December 4-10, 2003
food
Some Chinese restaurants in Philly offer dishes that Chinese themselves eat: sauteed snow pea tips, steamed fish. Often, they also feature more hardcore items such as chicken claw and tongue, stir-fried eel and soups with pig’s blood. Some places please American foodies with hot pots, roast duck and Hong Kong-style cooking. And perhaps unfortunately, some offer Americanized menus.
Hello Café does all these things and more. Owner Fang Bing Huang, from China, touts that her menu features Chinese, Hong Kong, Vietnamese and Thai styles, as well as a steak selection she describes as "American with Hong Kong style." She’s actually selling Hello Café a little short. Take the appetizer selection. It includes chicken satay (Indonesian), escargot (French) and spring roll.
There are egg sandwiches, chicken nuggets for the kids and baked spaghetti on one end, to curries, steamed tilapia and fish ball soup on the other.
A team of cooks, each with an Asian specialty, does well by Asian dishes. At lunch recently, a pork and preserved-egg congee (rice porridge) was consistent with the best versions from Chinatown’s authentic restaurants.
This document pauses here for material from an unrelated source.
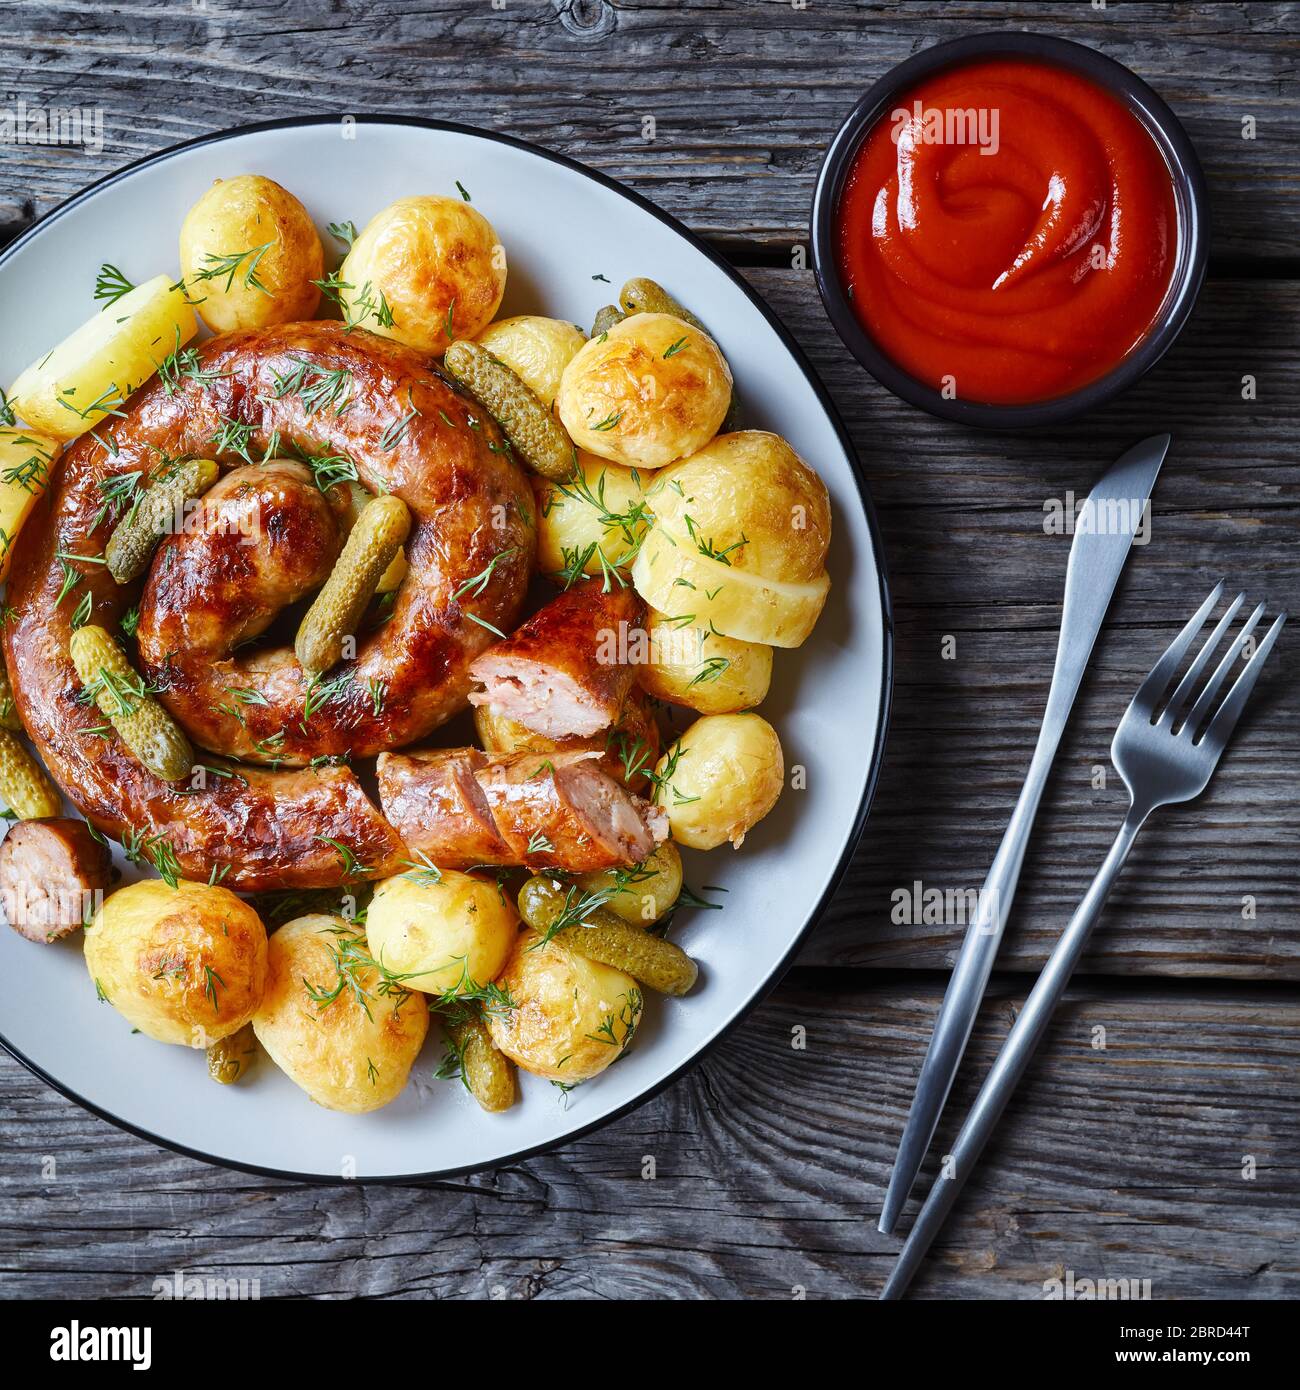 German lunch: new potato, sausage and gherkins, sprinkled with fresh dill on a plate with cutlery and ketchup on a wooden table, flat lay, close-up Stock Photo

On a weeknight, the borscht, with tomato base, a smattering of celery, onion, cabbage and no discernable beets, worked but didn’t divulge its Eastern European roots. Sweet and easy to finish, it reminded me of canned alphabet soup (sorry, Mom) from childhood.
"Eight green mussels in smelt roe" were actually seven, and weren’t green-lipped or green-shelled like the imports from New Zealand. They were, however, mild-flavored and tender, served with tiny dollops of both firm orange roe and a mayonnaise-tinged cream sauce, and in a nod to the Vietnamese cuisine, a garnish of lightly pickled carrot and daikon slices.
An entree of sauteed watercress with preserved bean sauce may sound like medicine to those who don’t like greens, but was a great way to balance the richness of meat and fried dishes. Its chewy bitterness wasn’t basic or satisfying enough to stand alone as a main dish, though; it’s a better table sharer.
Despite how scary I always find the idea of deep-fried Thanksgiving turkeys, a whole, deep-fried Cornish hen seemed like a good idea, and it was. Accompanied by crisp salad and a sweet dipping sauce, it was crispy-skinned and moist-fleshed but somehow not greasy. Cleaved in half, it was easy to pick apart with the hands (Sorry, PETA).
There are fruity black teas and tapioca "bubble" drinks (both Taiwanese), and "lychee ice" and exotic Vietnamese fruit shakes. Beers? Not surprisingly, Budweiser, Corona and Tsing Tao round out an eclectic list.
HELLO CAFÉ
600 Washington Ave., 215-467-7008
Sun.-Sat., 11 a.m.-11 p.m.
Appetizers, $2.50-$7.95; entrees, $4.25-$18.95
Wheelchair accessible. Smoking section provided. Reservations not necessary. All major credit cards.